Investors are accelerating their exit from technology stocks as concerns intensify that advanced artificial intelligence tools could disrupt core segments of the global software and IT services industry.
This week alone, TCS, Infosys and HCL Technologies dragged 9-11 per cent.
The sharp correction has wiped out substantial investor wealth. Based on intraday lows, the combined market capitalisation of the top five domestic IT companies has eroded by nearly Rs 3,11,873 crore this week.
TCS emerged as the biggest laggard, losing Rs 1,28,800 crore in market value, with its market capitalisation slipping to Rs 9,35,253 crore. The fall also pushed it to the fifth-most valued listed company from the fourth position.
Infosys has seen its market capitalisation shrink by Rs 91,431 crore following a 15 per cent decline this week. HCL Technologies has lost Rs 53,647 crore in market value over the past five trading sessions.
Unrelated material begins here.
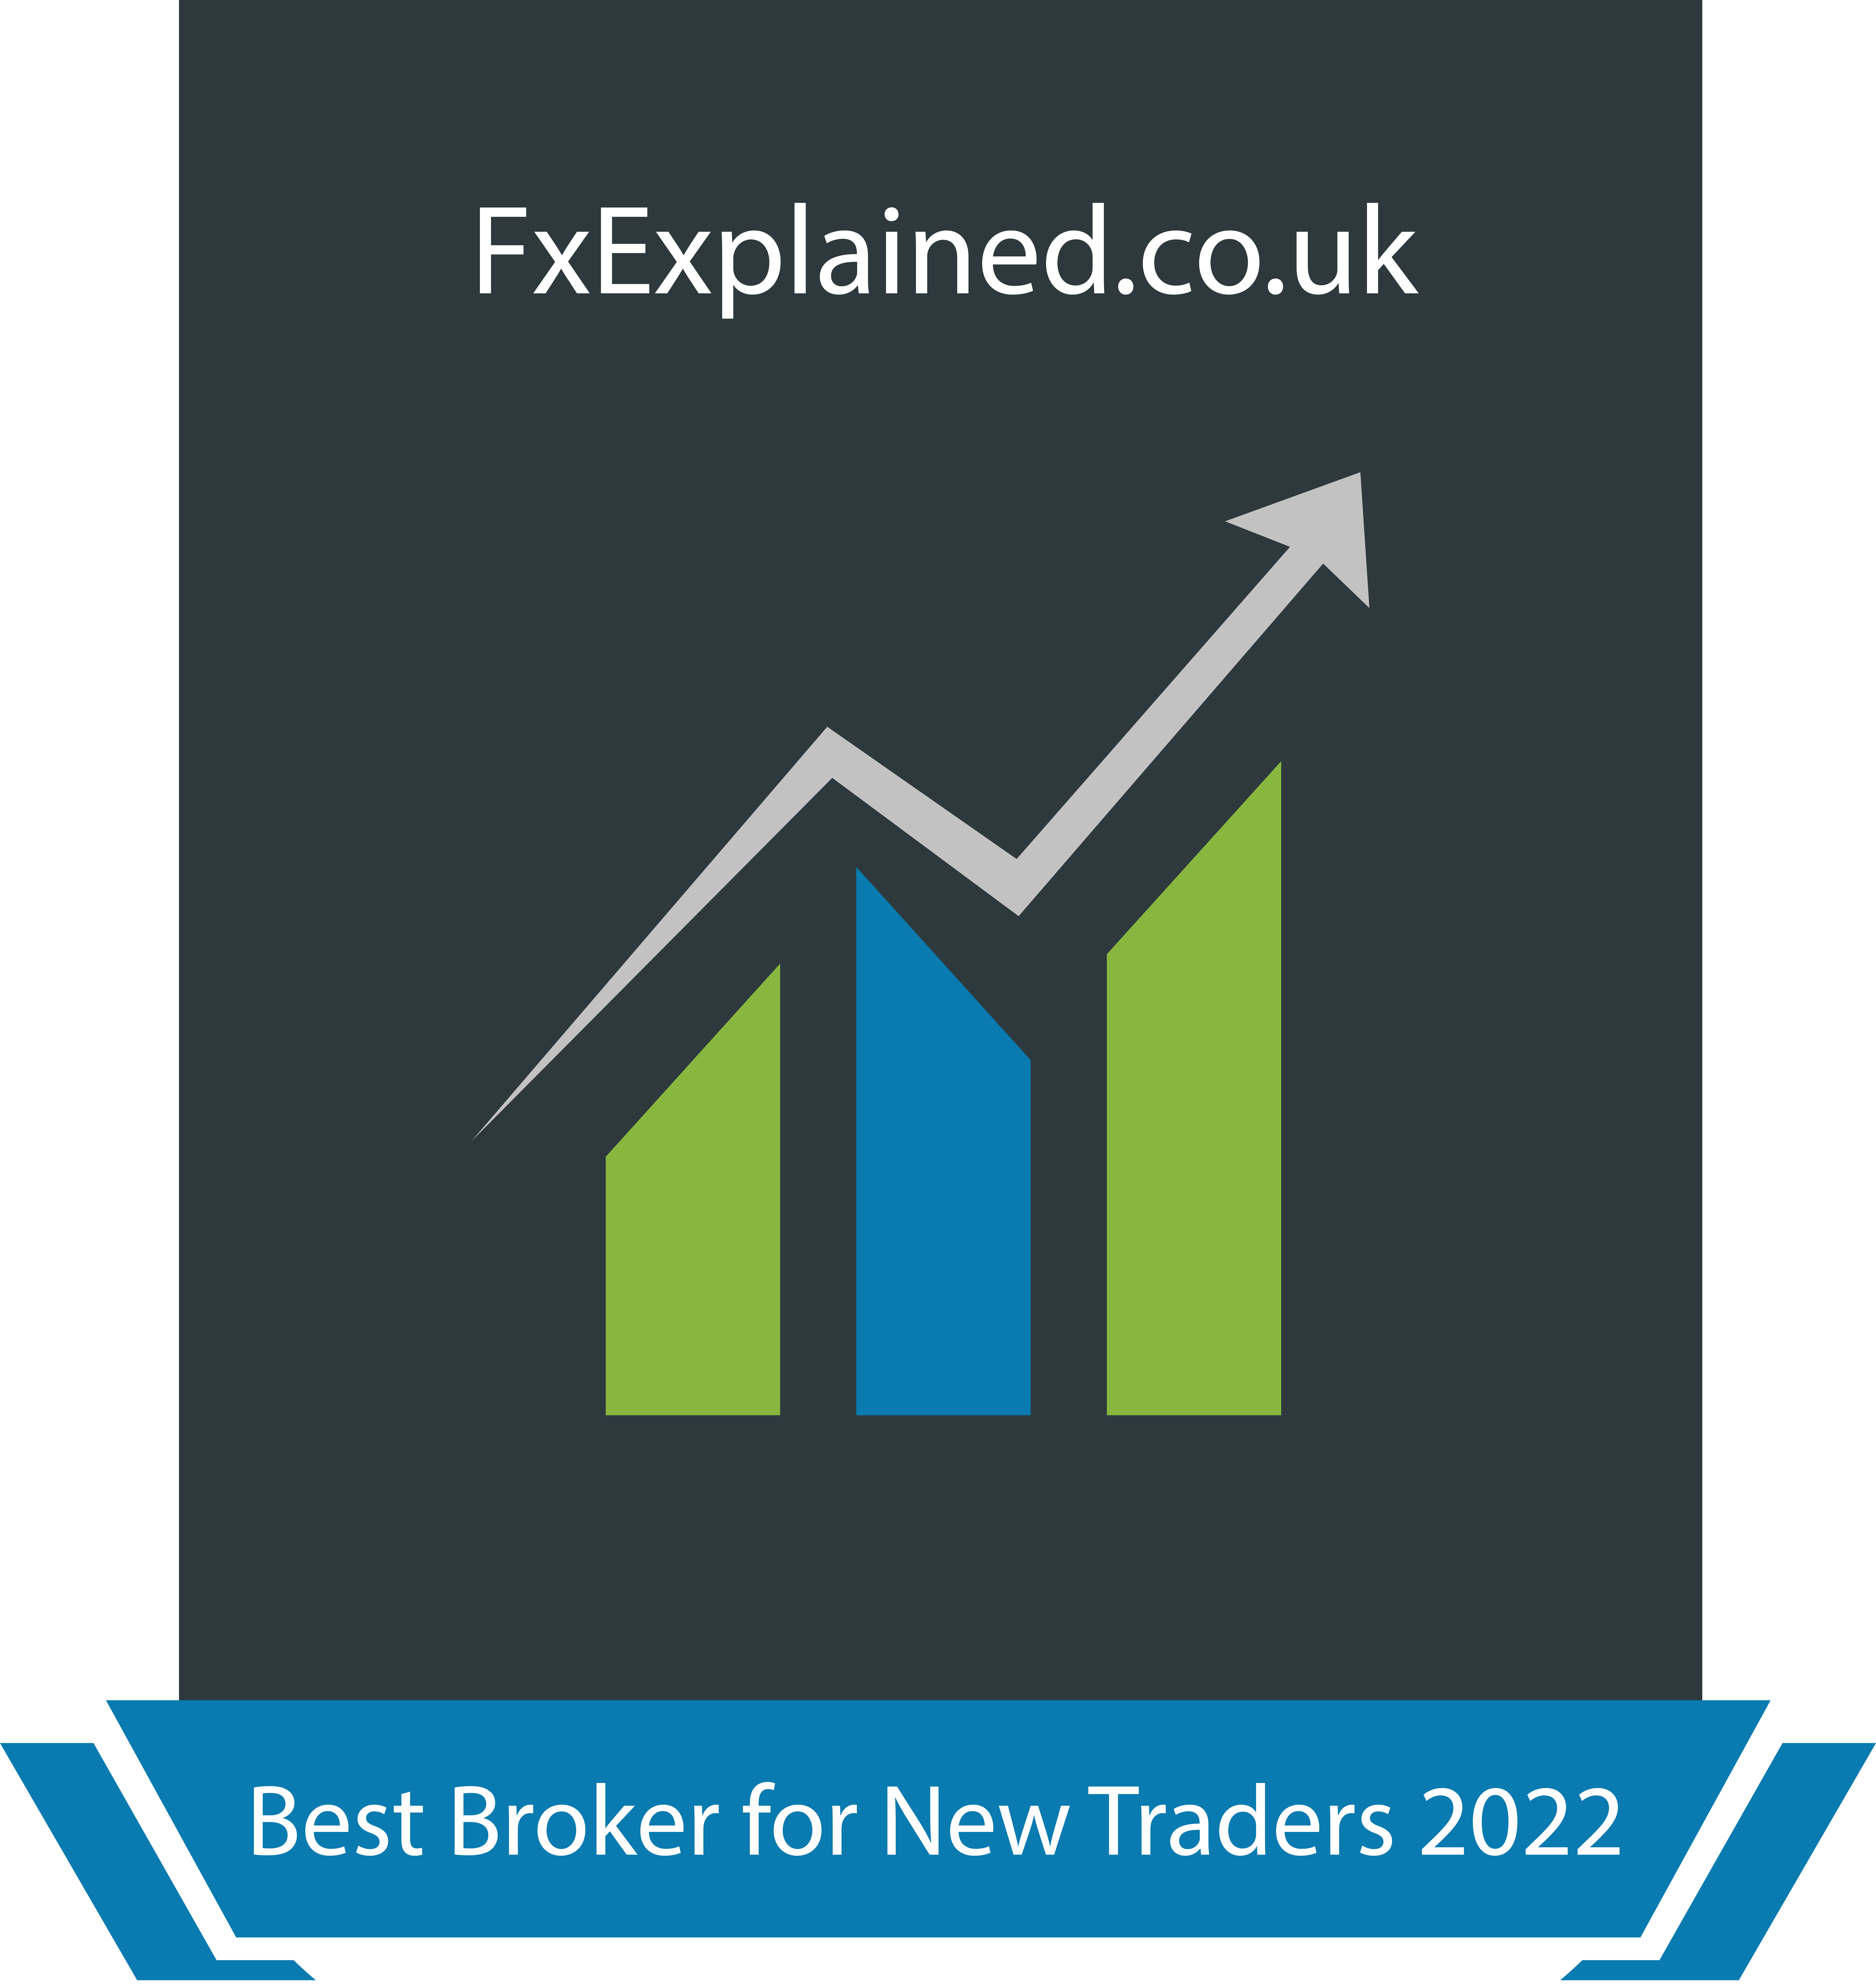 Best Broker for New Traders 2022
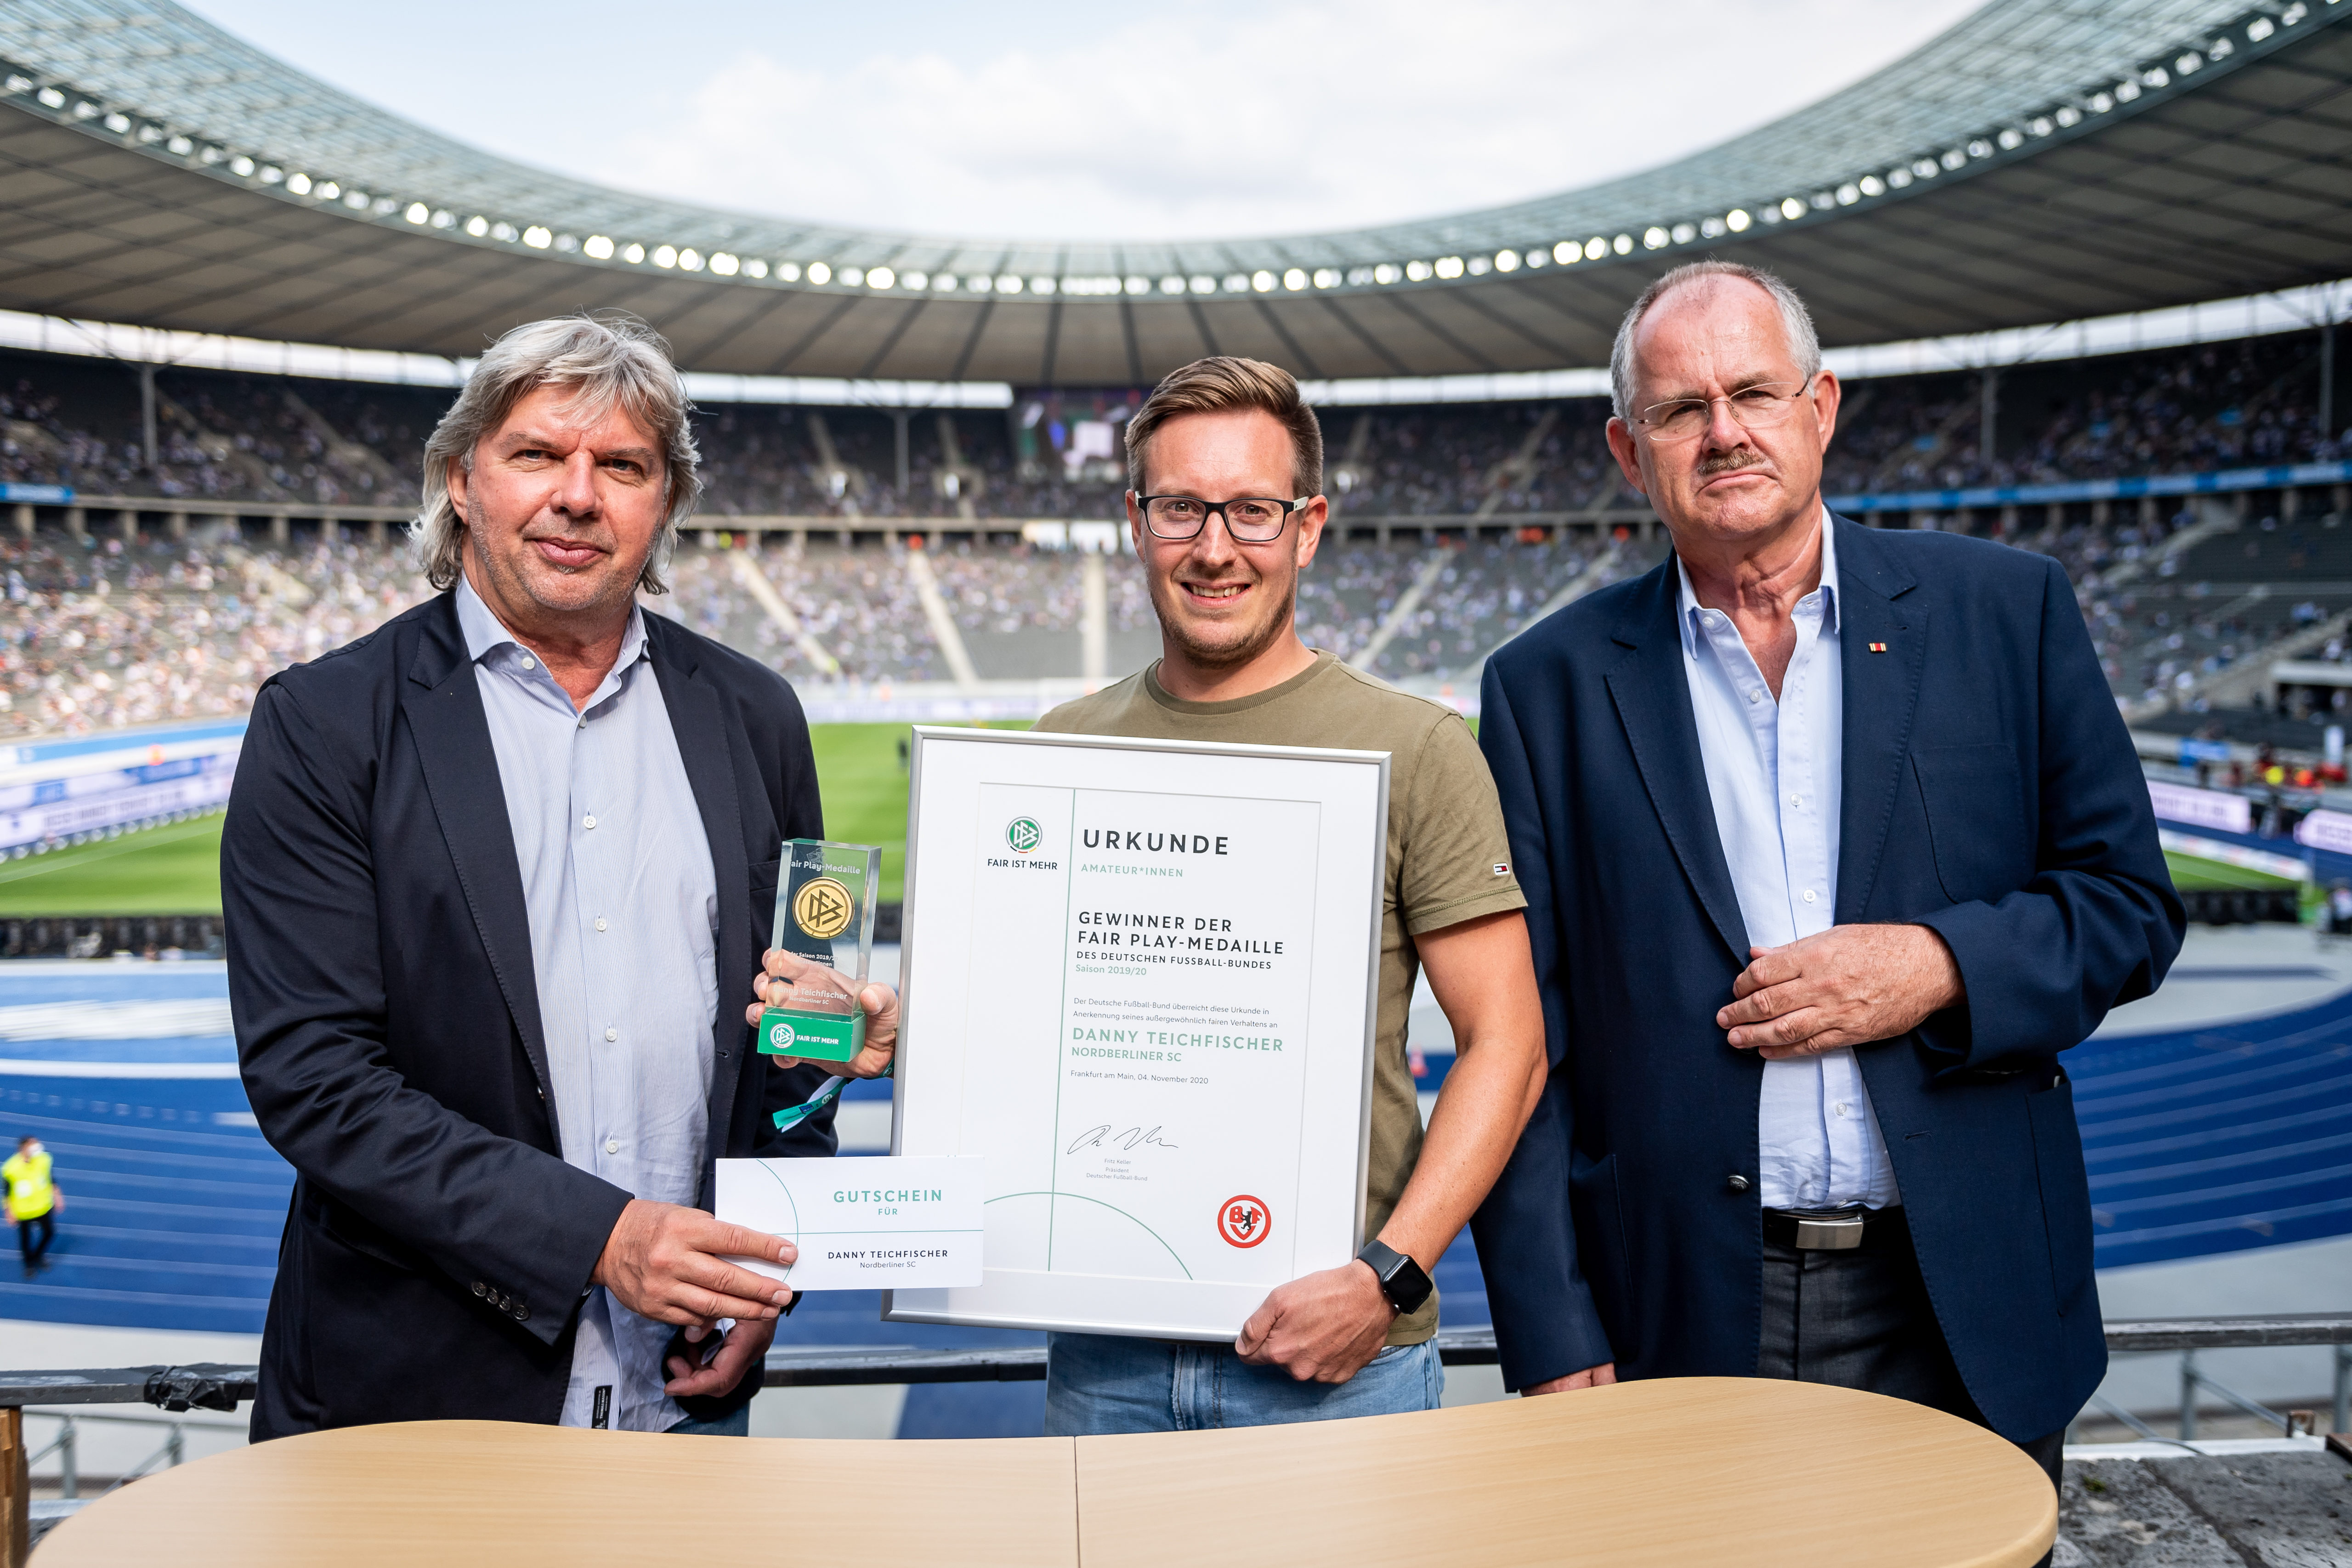 DFB-Vizepräsident Ronny Zimmermann, Danny Tiechfischer (Gewinner der Fair Play-Medaille) und BFV-Präsident Bernd Schultz (v.l.n.r.).

Wipro and Tech Mahindra have also recorded declines, with their market capitalisations falling by Rs 22,762 crore and Rs 15,233 crore, respectively, during the same period.
| Company Name | Mcap ($Billion) |
| Tata Consultancy Services | 107.4 |
| Infosys | 61.2 |
| HCL Technologies | 43.6 |
| Wipro | 24.8 |
| Tech Mahindra | 16.6 |
| LTIMindtree | 16.7 |
| Persistent Systems | 9.5 |
| Oracle Financial Services Soft | 6.4 |
| Coforge | 5 |
| Mphasis | 5.2 |
| Total | 296.4 |
Source: Bloomberg
Anthropic’s Recent Funding Round
Anthropic has recently raised $30 billion in Series G funding led by GIC and Coatue, valuing Anthropic at $380 billion post-money, as announced by the company in the press release.
The investment will fuel the frontier research, product development, and infrastructure expansions that have made Anthropic the market leader in enterprise AI and coding.